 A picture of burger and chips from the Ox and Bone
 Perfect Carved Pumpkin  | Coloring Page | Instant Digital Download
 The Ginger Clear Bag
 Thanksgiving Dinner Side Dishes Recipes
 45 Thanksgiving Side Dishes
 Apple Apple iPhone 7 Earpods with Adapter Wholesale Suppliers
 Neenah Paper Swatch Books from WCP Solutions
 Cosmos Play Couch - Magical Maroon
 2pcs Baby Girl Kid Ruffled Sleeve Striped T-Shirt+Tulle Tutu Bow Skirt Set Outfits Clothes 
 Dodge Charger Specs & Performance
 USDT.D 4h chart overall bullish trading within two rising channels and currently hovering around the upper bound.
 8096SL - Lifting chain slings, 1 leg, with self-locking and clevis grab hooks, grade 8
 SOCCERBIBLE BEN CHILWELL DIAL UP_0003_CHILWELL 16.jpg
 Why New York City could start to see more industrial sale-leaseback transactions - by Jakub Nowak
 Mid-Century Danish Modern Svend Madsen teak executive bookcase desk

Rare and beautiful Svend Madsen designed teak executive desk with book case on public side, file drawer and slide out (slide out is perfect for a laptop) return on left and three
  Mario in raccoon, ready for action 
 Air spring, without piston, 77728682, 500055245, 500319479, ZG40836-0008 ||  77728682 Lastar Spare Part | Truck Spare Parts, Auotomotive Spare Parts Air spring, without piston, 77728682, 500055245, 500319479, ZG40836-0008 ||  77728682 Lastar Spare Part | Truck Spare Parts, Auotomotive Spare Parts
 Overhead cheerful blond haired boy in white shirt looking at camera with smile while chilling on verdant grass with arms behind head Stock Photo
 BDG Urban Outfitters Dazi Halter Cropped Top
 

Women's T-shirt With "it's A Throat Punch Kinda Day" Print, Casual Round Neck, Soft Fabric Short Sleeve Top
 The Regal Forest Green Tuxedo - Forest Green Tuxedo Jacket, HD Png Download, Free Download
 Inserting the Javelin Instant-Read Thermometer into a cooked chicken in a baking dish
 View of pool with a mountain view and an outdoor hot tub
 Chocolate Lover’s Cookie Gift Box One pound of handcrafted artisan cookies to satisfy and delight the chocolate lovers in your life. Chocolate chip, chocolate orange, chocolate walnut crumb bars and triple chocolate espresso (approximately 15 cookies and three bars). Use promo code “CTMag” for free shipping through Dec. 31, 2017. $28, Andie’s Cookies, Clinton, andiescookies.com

Task prompt. For the material above, reproduce exactly the lines from the line with "Apple Apple iPhone" to the line with "Mario in raccoon, ready for action", inclusive, and exclude all others.

Exercise answer.
 Apple Apple iPhone 7 Earpods with Adapter Wholesale Suppliers
 Neenah Paper Swatch Books from WCP Solutions
 Cosmos Play Couch - Magical Maroon
 2pcs Baby Girl Kid Ruffled Sleeve Striped T-Shirt+Tulle Tutu Bow Skirt Set Outfits Clothes 
 Dodge Charger Specs & Performance
 USDT.D 4h chart overall bullish trading within two rising channels and currently hovering around the upper bound.
 8096SL - Lifting chain slings, 1 leg, with self-locking and clevis grab hooks, grade 8
 SOCCERBIBLE BEN CHILWELL DIAL UP_0003_CHILWELL 16.jpg
 Why New York City could start to see more industrial sale-leaseback transactions - by Jakub Nowak
 Mid-Century Danish Modern Svend Madsen teak executive bookcase desk

Rare and beautiful Svend Madsen designed teak executive desk with book case on public side, file drawer and slide out (slide out is perfect for a laptop) return on left and three
  Mario in raccoon, ready for action 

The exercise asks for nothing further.